Тибо был прав: почтовые голуби знают лишь одно направление – к своей голубятне. И откуда ни летят, всегда ее находят. Жакар сам устроил все так, чтобы получить ответ.
– Чтобы оправдать поединок, нужно оскорбление, – продолжал возражать капитан.
– Оскорбление, Гийом! Да их не перечесть. Само его присутствие на острове – уже оскорбление короны.
– Дуэль – тоже оскорбление короны.
– Ничего, корону я с собой не возьму.
– Это противоречит законам и нравственным устоям королевства, Тибо. Что ты скажешь на это?
– Чрезвычайные обстоятельства.
– Это недопустимый ход.
– Допустимый.
– Недопустимый.
– Допустимый, только на этот раз.
– Ты порочишь обычаи.
– Разве порок – стремиться защитить свой народ?
– Ну и как ты будешь биться, Тибо, с твоим-то больным запястьем и без лучевой артерии?

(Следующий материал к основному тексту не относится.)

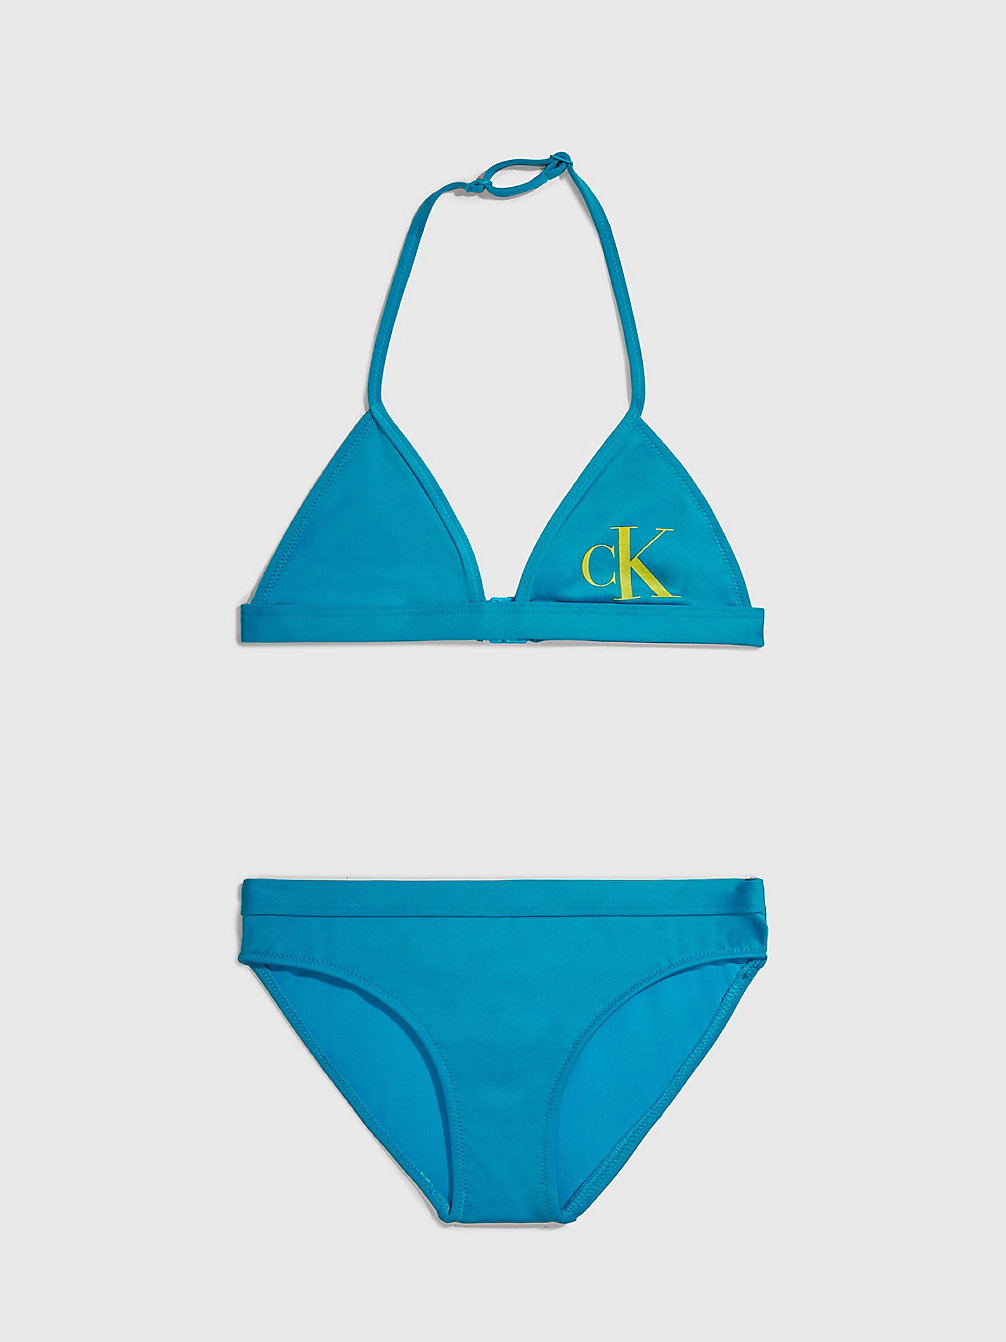 CLEAR TURQUOISE Bikini-Set Mit Triangel-Top Für Mädchen - CK Monogram undefined girls Calvin Klein

– У меня, представь себе, две руки. И назови еще кого-нибудь, кто владеет мечом?
– Мастер Бове.
– Забудь про Бове. Я или никто.
– Жакар прекрасный фехтовальщик.
– Я знаю его слабости.
– Но ночью, в темноте, Тибо… Вы же ничего не увидите.
– Поставим факелы.
– Факелы! То-то зрителей набежит.
– Я сам их зажгу, когда будет нужно.
– Он придет не один.
– Никто не приходит один на дуэль, Гийом, ты сам знаешь. Нужно по свидетелю с каждой стороны.
– И кто станет твоим?
Тибо на секунду запнулся и сказал наугад:
– Овид.
– Овид? Почему Овид?
– А почему бы и не Овид?
Тон его становился все тверже. Гийом, исчерпав доводы, вцепился в спинку кресла. Он видел на лице короля знакомую решимость, которая означала: для него эта мысль – уже свершившийся факт. Но Эма знала главное возражение:
– Ты не сможешь его убить, Тибо. Ты мне сам говорил.
– Поединок не всегда кончается смертью.
– Поединок для удовольствия – да, но это будет дуэль до победного конца.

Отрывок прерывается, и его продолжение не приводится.